What is Retrieval Augmented Generation (RAG)? (2026)

Q: How much does RAG cost

Embedding: ~$0.02 per million tokens. Storage: $0-50/month for most vector DBs. LLM calls: $0.01-0.10 per query. Total: very cheap for most use cases.

Q: Can RAG eliminate hallucinations

It reduces them significantly but doesn't eliminate them. The LLM can still misinterpret context or fill gaps. Always include "based on the provided documents" instructions.

Q: What embedding model should I use

`text-embedding-3-small` (OpenAI) for most cases. `text-embedding-3-large` for maximum accuracy. Cohere `embed-v3` for multilingual.

Q: How do I keep RAG data fresh

Re-embed documents when they change. Set up a pipeline: document update → re-chunk → re-embed → update vector DB.
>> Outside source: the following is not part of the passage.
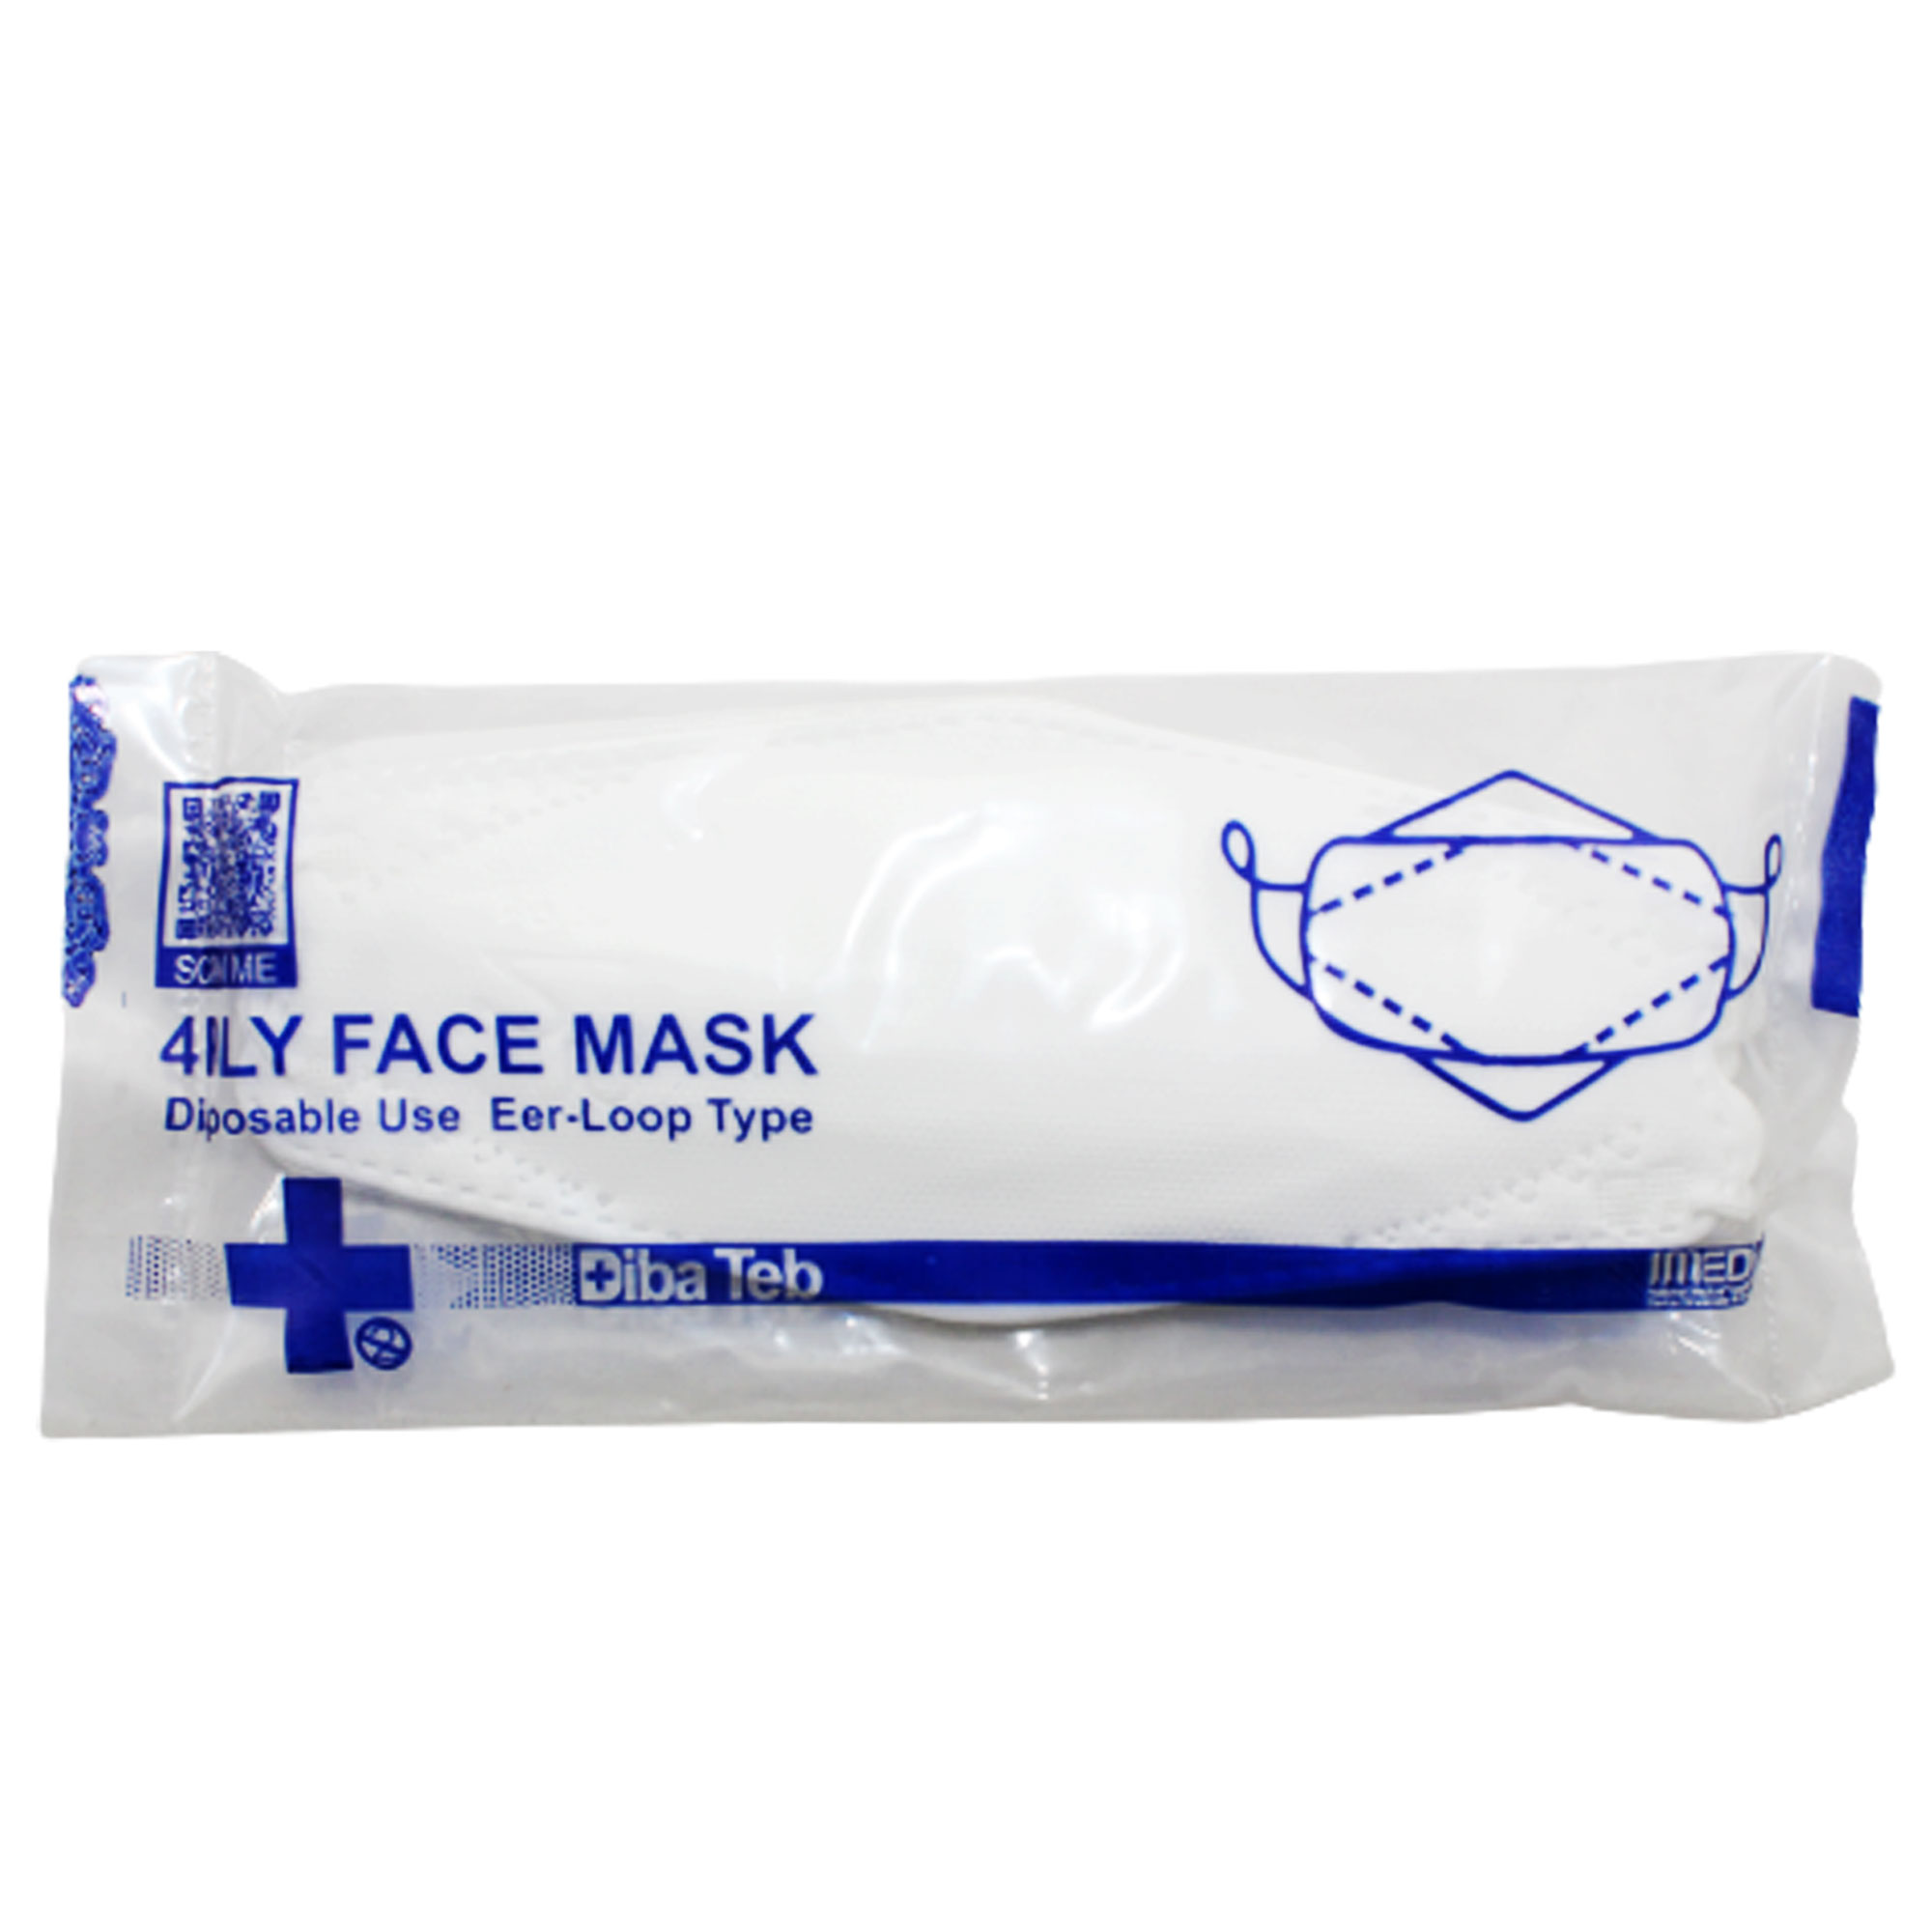 ماسک تنفسی دیباطب مدل 3d بسته 10 عددی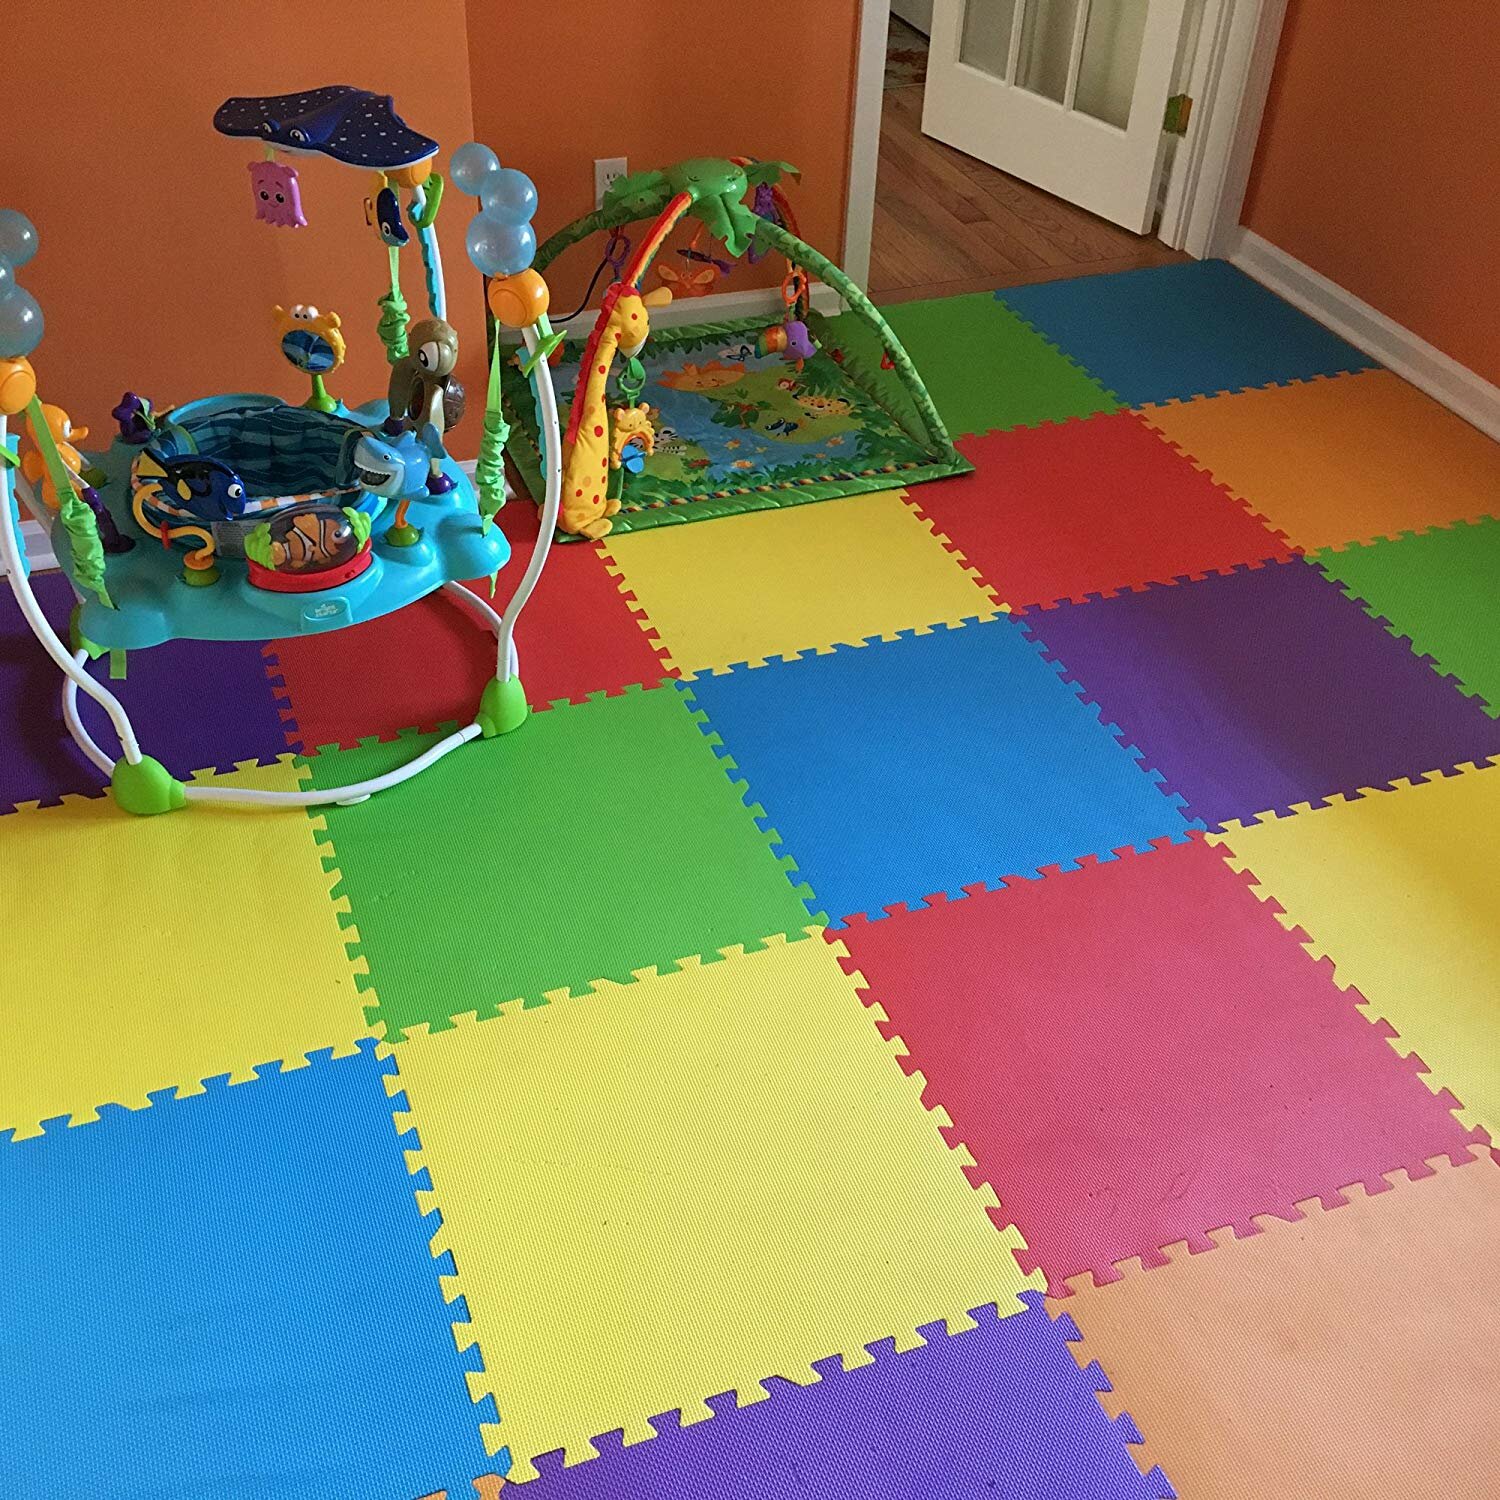 Details about   Eva Floor Blue Mat Interlocking Garden Play Soft Foam Mats Tiles Kids 30x30 CM

Q: Can I use RAG without a vector database

Yes. For small datasets, compute embeddings on the fly and use cosine similarity. But vector databases are much faster at scale.

RAG is the most practical way to make AI models work with your data. Instead of fine-tuning a model on your documents, you retrieve relevant information at query time and feed it to the model as context. Here's how it works and when to use it.

The Problem RAG Solves

LLMs like GPT-4 and Claude have a knowledge cutoff. They don't know about:

Your company's internal documents
Your product documentation
Your customer data
Anything after their training date

You could fine-tune a model on your data, but that's expensive, slow, and the model might still hallucinate.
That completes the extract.